In the past 18 months, the MLOps vendor landscape has been reshaped faster than most teams had time to plan for. Iguazio — a platform that many Israeli enterprises and global financial institutions had built production ML pipelines on — was acquired by McKinsey. Dataloop, a data annotation and model management platform, was acquired by Dell. Neptune.ai, one of the most widely-used experiment tracking tools among research-oriented teams, announced shutdown. Seldon, a prominent open-core model serving platform, was acquired by TrueFoundry. And with Modular's pending acquisition by Qualcomm, another piece of the ecosystem is about to change hands.
This is not a transient dip. It is the predictable outcome of a venture-backed tooling market that matured faster than it monetized. The same market forces are still in motion. If your ML stack depends on specialist MLOps platforms — for experiment tracking, feature stores, model serving, data labeling, or pipeline orchestration — the probability that at least one of your vendors undergoes a significant ownership or product change in the next 24 months is not negligible.
What does that actually mean for your team, and what should you do about it? This post covers the mechanics of the consolidation wave, the real risks to customers, and the practical steps for assessing and reducing your exposure.
1. Why This Wave Happened
The 2019–2022 MLOps investment cycle produced dozens of well-funded companies targeting narrow slices of the ML infrastructure stack: experiment tracking, feature stores, model registries, data versioning, model monitoring, annotation tooling, serving infrastructure. Many of these tools were excellent — genuinely solving real problems — but they were solving problems that turned out to be hard to monetize at scale for three related reasons.
First, the most sophisticated ML teams — the ones with the highest willingness to pay — had the engineering capacity to build equivalent tooling in-house, and increasingly did.
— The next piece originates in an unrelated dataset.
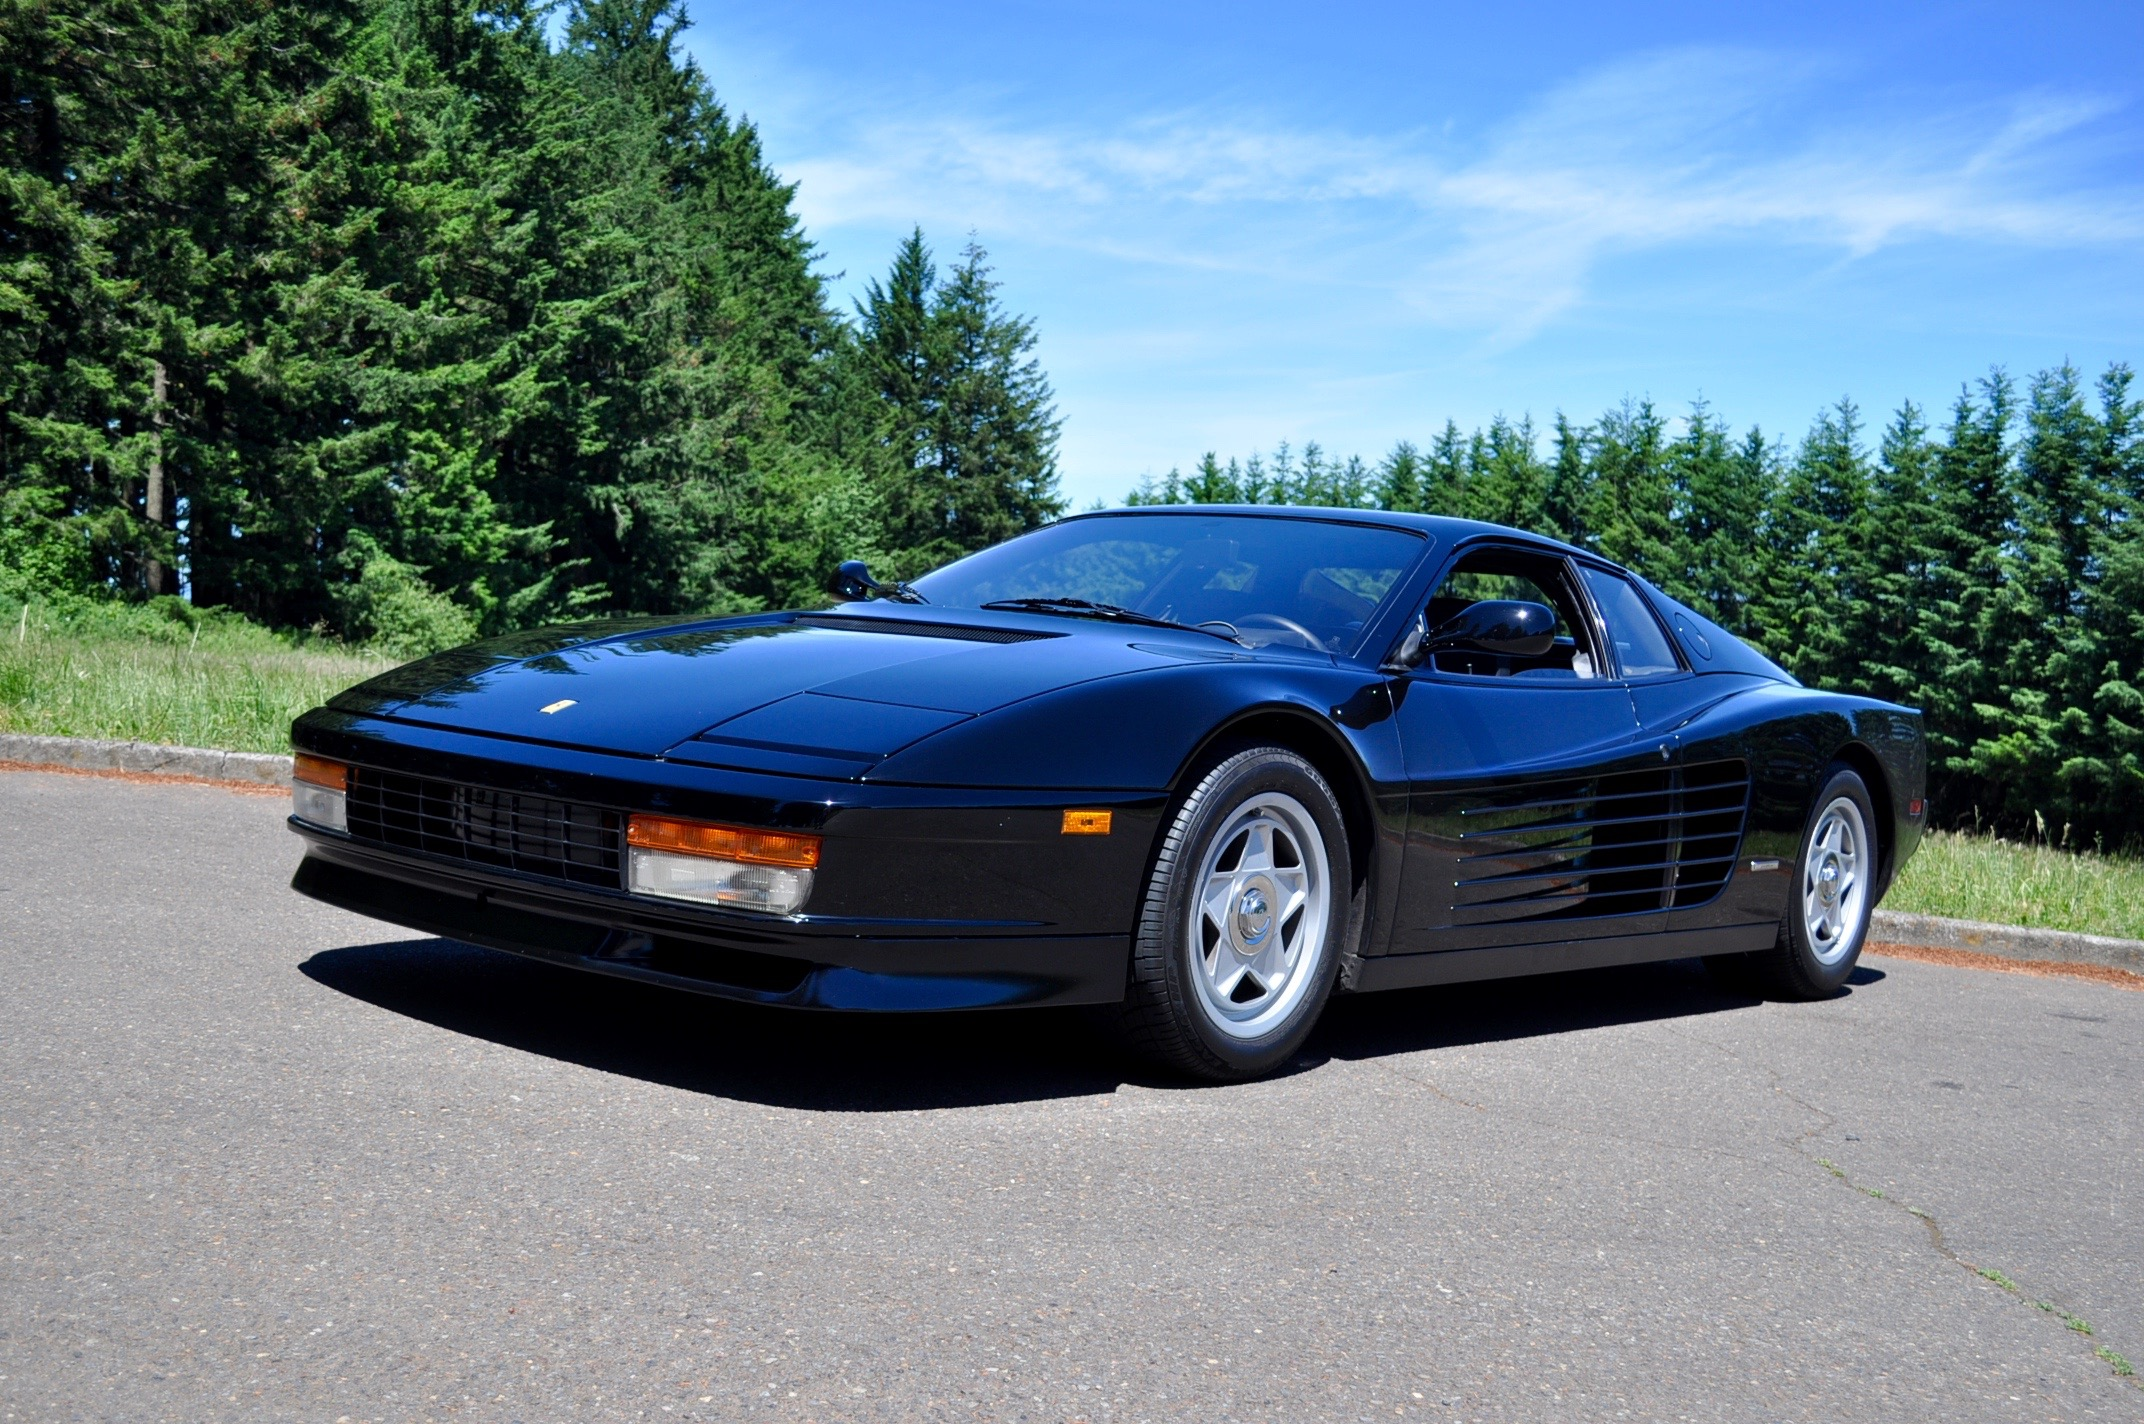 1988 Ferrari Testarossa Time Machine Test Drive

Second, the hyperscalers (AWS, Google Cloud, Azure) systematically absorbed the most successful patterns into their managed ML platforms, pricing them as add-ons rather than standalone products. Third, the GenAI shift starting in 2023 changed what enterprise ML teams prioritized: inference infrastructure, LLM ops, and RAG pipelines became the dominant concerns, and many MLOps platforms that were designed around classical training pipelines found their core value proposition under pressure.
The result was a market with excellent technology and insufficient standalone revenue, which is precisely the condition that triggers acquisition activity. Strategic buyers — consultancies wanting productized delivery capability (McKinsey/Iguazio), hardware vendors wanting software stickiness (Dell/Dataloop), and cloud-native platforms wanting customer base (TrueFoundry/Seldon) — stepped in to acquire at valuations that reflected the distress rather than the technology quality.
2. The Acquisition Table: What Happened and What Customers Face
| Vendor | Event | Core Risk for Customers |
|---|---|---|
| Iguazio | Acquired by McKinsey | Roadmap now serves McKinsey delivery priorities, not general-market customers. Enterprise pricing restructure expected. |
| Dataloop | Acquired by Dell | Hardware-first acquirer. Annotation-focused customers may find investment in platform slows without Dell hardware alignment. |
| Neptune.ai | Shutdown announced | Full migration required. Experiment history, artifact storage, and API integrations all need replacement on a fixed timeline. |
| Seldon | Acquired by TrueFoundry | Open-core product may diverge from upstream community. Teams relying on Seldon Core OSS need to track fork risk. |
| Modular | Pending acquisition by Qualcomm | Mojo language and MAX inference stack face hardware-vendor alignment pressure. Portability story may narrow toward Qualcomm silicon. |
The risks differ in character. A shutdown (Neptune.ai) creates an immediate, deadline-driven migration. An acquisition by a strategic buyer (McKinsey/Iguazio, Dell/Dataloop) creates gradual roadmap drift — the platform continues to function but investment priorities shift toward the acquirer's customer base and use cases, which may not match yours. An open-source platform acquisition (Seldon/TrueFoundry) creates fork risk: the hosted product and the OSS community version may diverge, and the fork you're on may not be the one that gets the security patches.
3. Measuring Your Lock-In
The first thing to do when your vendor gets acquired — or when you're evaluating a new one — is a systematic lock-in assessment. Lock-in in MLOps is more multidimensional than in traditional software because the data contracts are more complex.
Data portability
Can you export your experiment history, model artifacts, feature definitions, and metadata in a standard format without vendor tooling? If your experiment tracking lives only in a proprietary API, you don't own your experimental record — you're leasing it. The practical test: try to export six months of experiment data to files on your own infrastructure. If this requires a support ticket or a premium tier, you have non-trivial lock-in.
Pipeline portability
Are your ML pipelines expressed in vendor-native DSLs (Kubeflow Pipelines, ZenML, Metaflow steps, Iguazio's MLRun syntax) or in framework-agnostic code with thin wrappers? The more business logic lives in vendor-specific abstractions, the more expensive a migration becomes. A team that built their entire feature engineering and training pipeline in Iguazio's MLRun syntax faces a substantially harder migration than a team that used MLRun only for scheduling and logging.
Serving infrastructure
Model serving is often the highest-lock-in layer because it touches production traffic. If your inference endpoints are Seldon Deployments, BentoML bundles, or platform-native serving primitives, migrating without traffic disruption requires a parallel-run period and explicit traffic-shifting tooling. The teams that built serving on top of generic Kubernetes deployments with a thin sidecar for metrics are in a much better position.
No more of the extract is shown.